Editors Note: The Big Story at the end of this year (2012), other than the Mayan Apocalypse of December 21, is the Fiscal Cliff of December 31. If we go over, we will want to blame the politicians, but we should probably look in the mirror instead.

The Fiscal Cliffhanger — Getting Our Just Desserts

“We want lots of things, and.
we don’t want to pay for them.”

Jon Meacham  


Occasionally, people get what they deserve. Sometimes, a whole country does. That time could be coming.

Unless Congress suddenly develops a willingness to compromise and, more importantly, grows enough spine to ask the American people to sacrifice for future generations, we’re going over the fiscal cliff, with all its predicted catastrophes. What are the chances our legislators will suddenly start behaving like patriots, rather than partisans? Don’t bet the mortgage payment on it.

Republicans balk in horror at asking the wealthy (who effectively own the GOP) to pay a even little more. Evidently, they feel raising millionaires’ tax rates by three or four percentage points is a hardship to which the upper classes shouldn’t be subjected. Better to make the old and the destitute take benefits cuts than agree to comparable revenue increases from the rich, or the near-rich.

The Obama Administration isn’t looking to return to the punitive tax rates of the 1950s (when the country managed to boom anyway). Instead, Democrats are trying to reinstate the rates of the 1990s (and only for the top earners), when the economy also boomed. Many people now look at the Clinton years as a golden era, before the recession of 2008 destroyed the economy, but Republicans see it as socialism.

Meanwhile, many Democrats have refused to even consider raising the age of eligibility for social security or Medicare by a couple years. Although rising life expectancies are straining the system, there’s little enthusiasm for inconveniencing prospective retirees, even if that could mean preserving benefits for future generations.

Naturally, raising the cap on what wealthy earners pay into the system is an unpopular idea for Republicans, as is instituting means testing. Nothing riles conservatives more than annoying the wealthy. Realistically, the GOP’s raison d’etre is widening the gulf between the rich and everyone else. Hence, they constantly campaign to eliminate the estate tax (which they’ve renamed the “death tax”), regardless of how much this might add to the deficit.

No one is asking America’s upper class to give up its wealth, merely to pay a slightly higher percentage in taxes when it comes time to leave it to the next generation of plutocrats. But Republicans don’t want to see their rich benefactors give up any of it. And the roughly half the country that supports the GOP (most of whom will never have enough money to be affected by changes in estate tax rates) supports the idea that the well-off aren’t yet well-off enough, despite the burgeoning gap between rich and poor.

Stereotypes of politicians, such as the idea the GOP cares only for the rich, develop for a reason. The same is true of the notion that Democrats never met a government spending program they didn’t like. Hence, Republicans are reluctant to raise taxes based on promises from the Left that they’ll cut spending, because history has shown they won’t. Both sides are likely to reach an impasse on entitlement reforms, because neither side trusts the other’s motives.

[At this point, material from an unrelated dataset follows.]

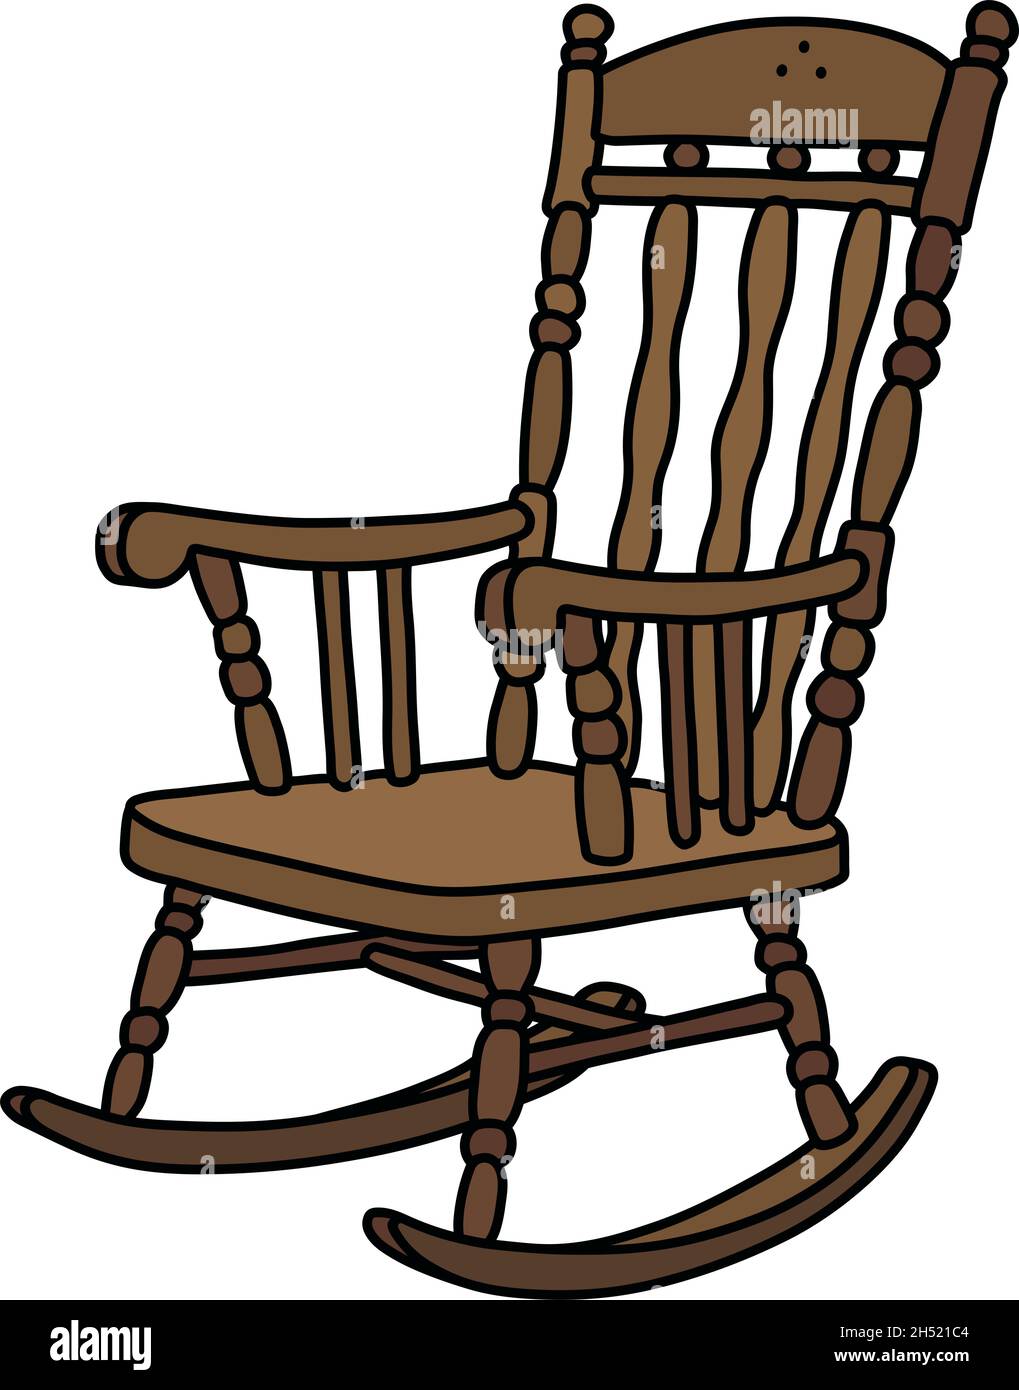 Il disegno a mano vettorizzato di una vecchia sedia a dondolo in legno  Immagine e Vettoriale - Alamy

In the discretionary portion of the budget, the largest item is defense. Although we spend nearly as much on our military as the rest of the world combined, the Republican platform in the last election included increases, and the Democrats will be hard-pressed to reduce defense spending in a country that prides itself on being the world’s policeman. However, the fiscal cliff’s sequestration could fix this problem.

In 1980, the Greatest Generation had toiled its way out of the Great Depression and won World War II, then fought the Cold War, all the while keeping deficits under control. Starting with the Reagan Administration, Baby Boomer profligacy has put the solvent country our parents’ generation bequeathed us into what is now realistically bankruptcy. We’ve selfishly learned the peculiar lesson that our revenue need not come close to meeting our expenses, because deficits didn’t matter, and future generations can pay them off for us.

Now the chickens have come home to roost, and we’re debating whether an 88-year-old World War II veteran who survived the Depression should be denied his insulin to finance tax cuts that will enable a hedge fund manager in Greenwich to upgrade his Gulfstream IV to a Gulfstream V. If we had any sense of shame, we’d be ashamed.

We blame our politicians for being sleazy, dishonest and cowardly, and Congress’ approval rating is about the same as herpes. But our representatives didn’t magically appear in Washington in some beer hall putsch or palace coup. We put them there, so we’ve gotten nothing less than we deserve. They’ve pandered to our self-interest, and we’ve rewarded them for it. They “represent” us in every sense of that word. And as the success of incumbent candidates attests, we keep on re-electing them.

Maybe we should go off the fiscal cliff. We certainly deserve it. We should demand something better, and if we do go over, then we should replace every last one of the bums in Congress in 2014, but that will never happen. As we head over the abyss, we’ll have to confess that we have met the enemy, and he is us.